Ce que prévoit l'accord
Les pays latino-américains du Mercosur (Argentine, Brésil, Paraguay, Uruguay) et l'Union européenne ont signé mi-janvier ce traité créant l'une des plus grandes zones de libre-échange au monde. L'accord doit permettre à l'UE d'exporter davantage de voitures, machines, vins et spiritueux vers l'Amérique latine, tout en facilitant l'entrée en Europe de viande bovine, volailles, sucre, riz, miel et soja sud-américains.
Pour ses détracteurs, cet accord risque de bousculer l'agriculture européenne avec des produits importés moins chers et pas forcément respectueux des normes de l'UE. Le secteur agricole a multiplié les mobilisations contre ce texte.
Prochaines étapes et contexte géopolitique
La Commission doit notifier formellement les pays du Mercosur de son intention. L'accord entrera en vigueur « deux mois après ces échanges formels », a expliqué Olof Gill, porte-parole de la Commission. L'Argentine et l'Uruguay ont ratifié l'accord jeudi.

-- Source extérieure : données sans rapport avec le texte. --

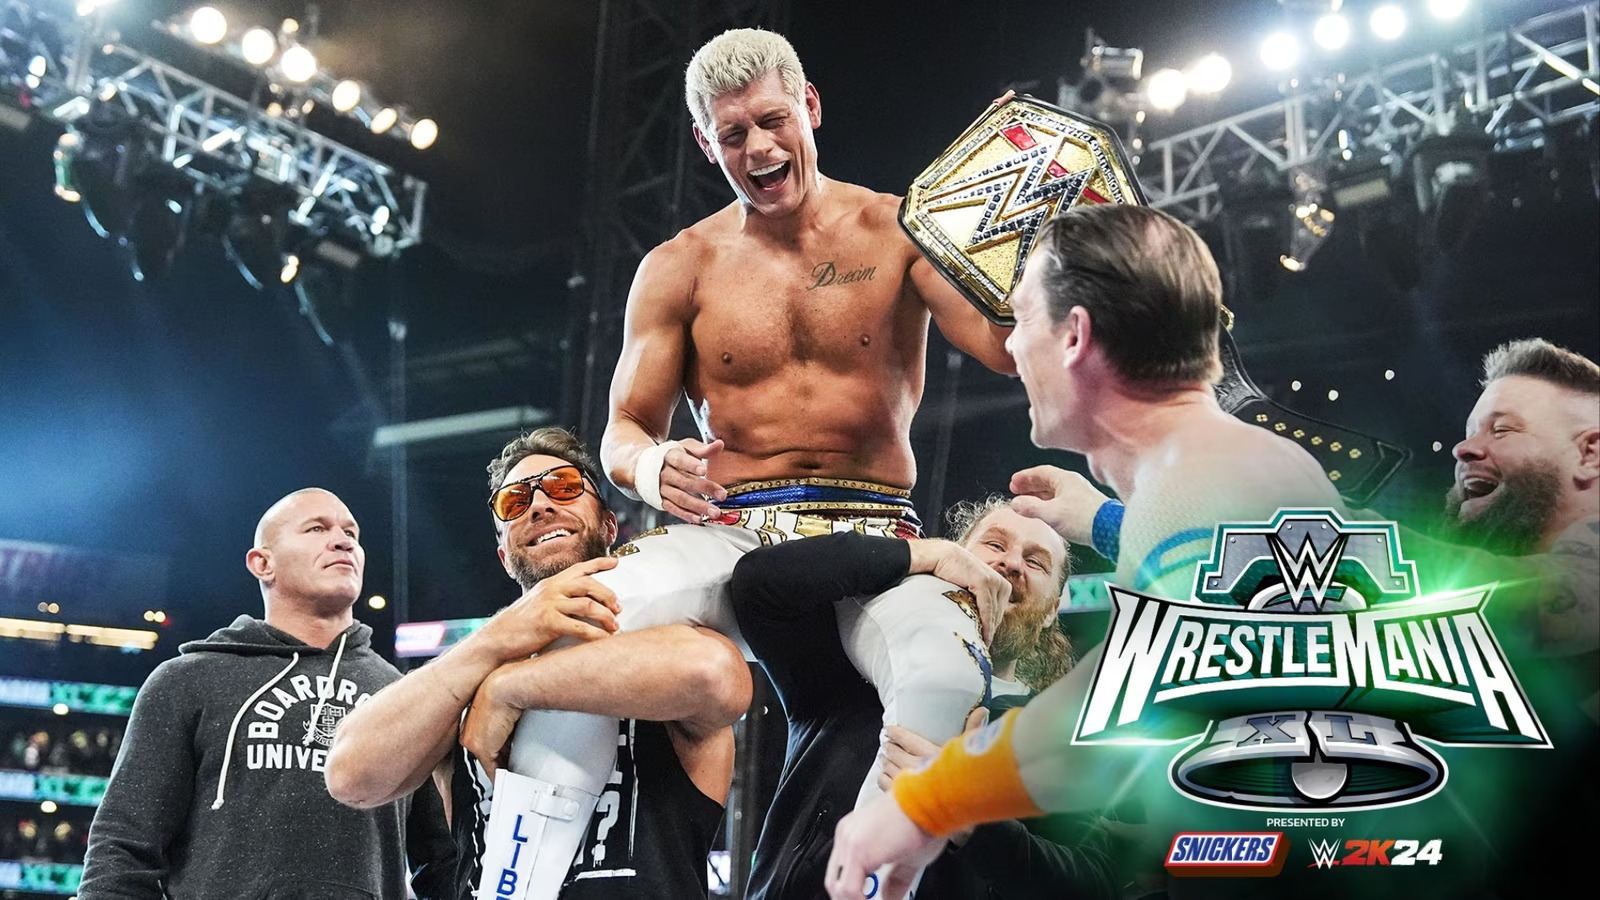 Cody Rhodes described the peak of his exhilarating moments as making eye contact with John Cena prior to his victory at WrestleMania 40.

« L'application provisoire est, par nature, provisoire », a défendu Ursula von der Leyen, s'engageant à poursuivre le dialogue. Pour une entrée en vigueur définitive, l'accord doit encore être ratifié par le Parlement européen, qui a suspendu sa décision dans l'attente d'un avis de la Cour européenne de justice.
Les négociations
La majorité des États européens sont favorables à ce traité. Le chancelier allemand Friedrich Merz avait réclamé cette application provisoire. « Nous avons besoin du Mercosur », a martelé Olof Gill, dans un contexte où le président américain Donald Trump agite la menace de nouveaux droits de douane contre l'Europe.